Libre Workspace Commands

To make the addon development easier and more consistent, libre-workspace comes with some helper commands you can/should use in your scripts.

libre-workspace-add-api-key

This command adds an API key to the libre workspace portal. It is useful if your addon needs to access the libre workspace portal API.

Usage: libre-workspace-add-api-key <name> <permissions> <expire_date>
Example: API_KEY=$(libre-workspace-add-api-key 'My API Key' 'linux_client,administrator' '2025-12-31')
If you want to set no expiration date, use '0' as value

libre-workspace-add-oidc-client

This command adds an OIDC client to the libre workspace portal.
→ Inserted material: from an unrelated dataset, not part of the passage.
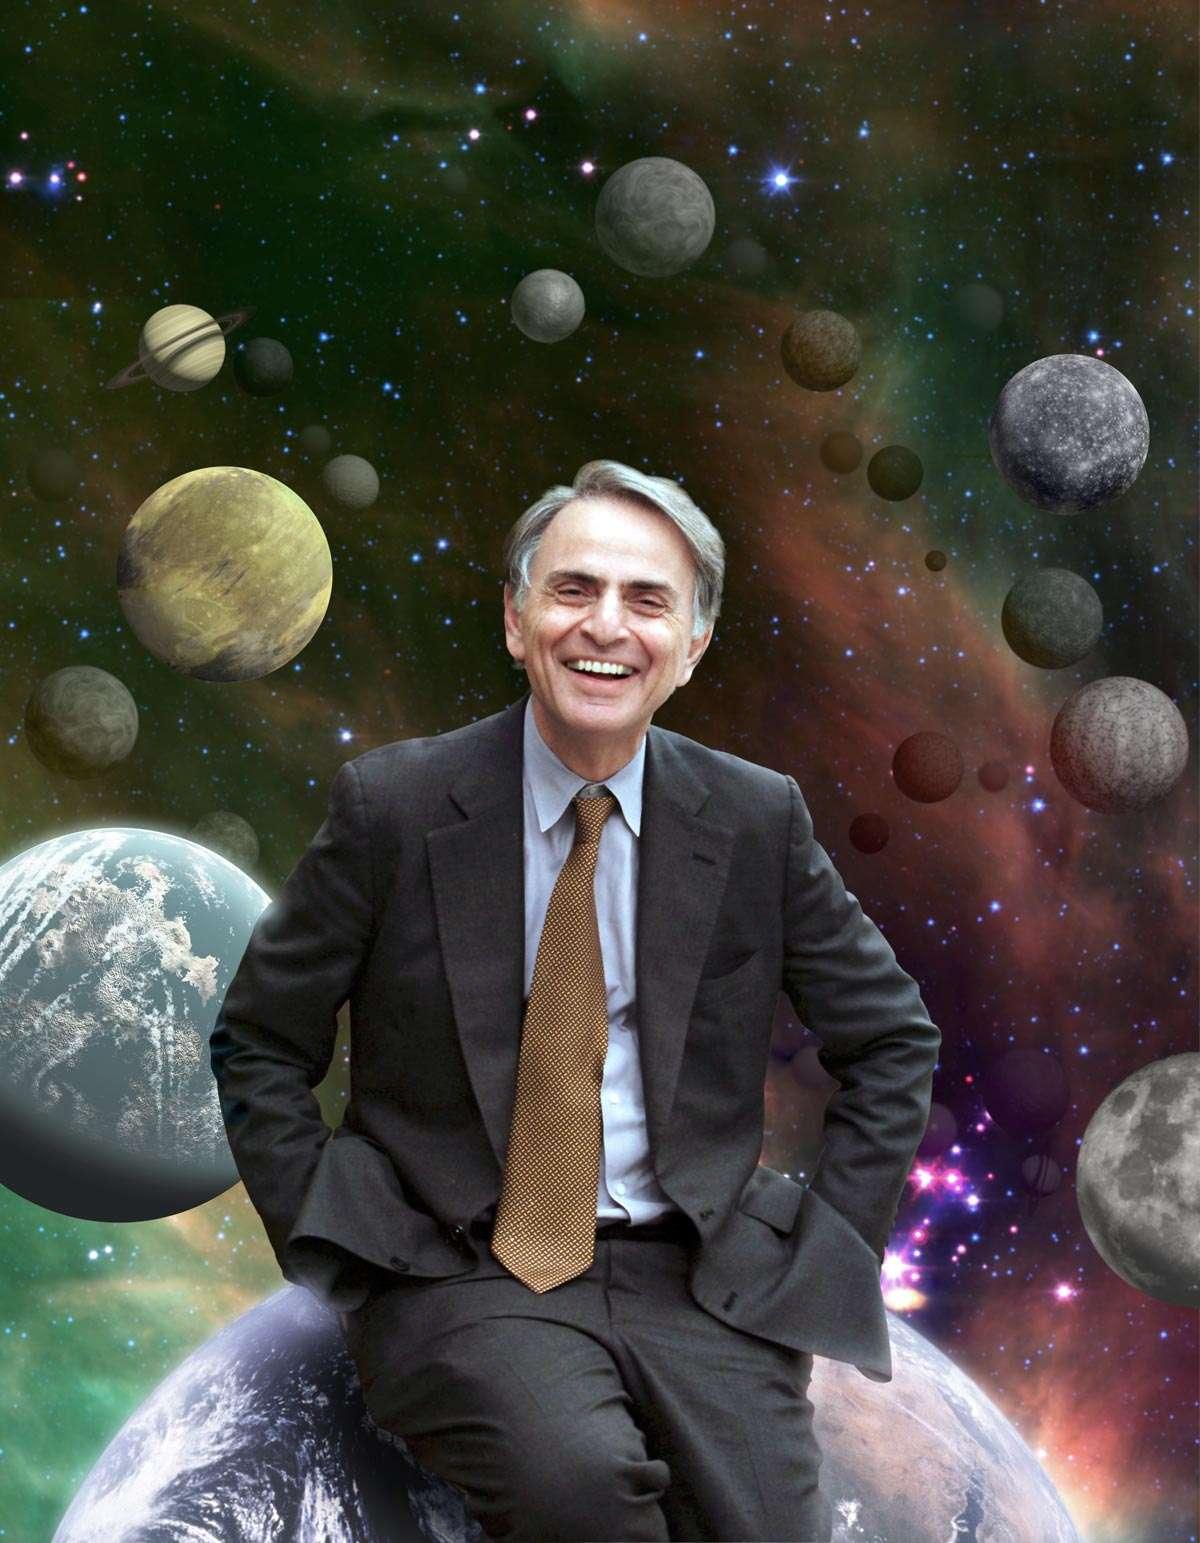 En réalisant la série Cosmos et en fondant le programme Seti, Carl Sagan a réussi une partie de son pari, inspirer les exobiologistes du futur. Il a fait rêver une jeune génération qui est en train de prendre la relève avec Blue Marble Space. © Nasa

It is useful if your addon needs to access the libre workspace portal via OIDC.

Usage: libre-workspace-add-oidc-client <name> <client_id> <client_secret> <redirect_uri>
Example: libre-workspace-add-oidc-client 'MyOIDCClient' 'my-client-id' 'my-client-secret' 'https://my-addon.$DOMAIN/callback'

libre-workspace-remove-oidc-client

With this command, you can remove an OIDC client from the libre workspace portal.

Usage: /usr/bin/libre-workspace-remove-oidc-client <name>
Example: libre-workspace-remove-oidc-client 'MyOIDCClient'

libre-workspace-generate-secret

Like pwgen, this command generates a random secret. It is useful if your addon needs a random password or secret.

Usage: libre-workspace-generate-secret [length]
Example: MY_PASSWORD=$(libre-workspace-generate-secret 32)
If no length is given, the default length is 32

libre-workspace-remove-webserver-entry

With this command, you can remove a webserver entry from the Caddy webserver configuration.

Usage: libre-workspace-remove-webserver-entry <url>
Example: libre-workspace-remove-webserver-entry my-addon.$DOMAIN

libre-workspace-send-mail

With this command, you can send an email via the libre workspace portal’s email configuration to the Administrator if he has set it up.

Usage: libre-workspace-send-mail <subject> <message> [attachment_path (optional)]
Example: libre-workspace-send-mail "My Addon" "My Addon was installed successfully with this password: $MY_PASSWORD"
Example: libre-workspace-send-mail "My Addon" "My Addon was installed successfully" "/path/to/attachment.txt"

General Tips

Never experiment on production systems. Always test your scripts on a test system first.
It is a good practice to run the commands line by line manually on a test system to see if everything works as expected.
Please don’t use the $ADMIN_PASSWORD variable anymore. Instead, you can get a password with libre-workspace-generate-secret.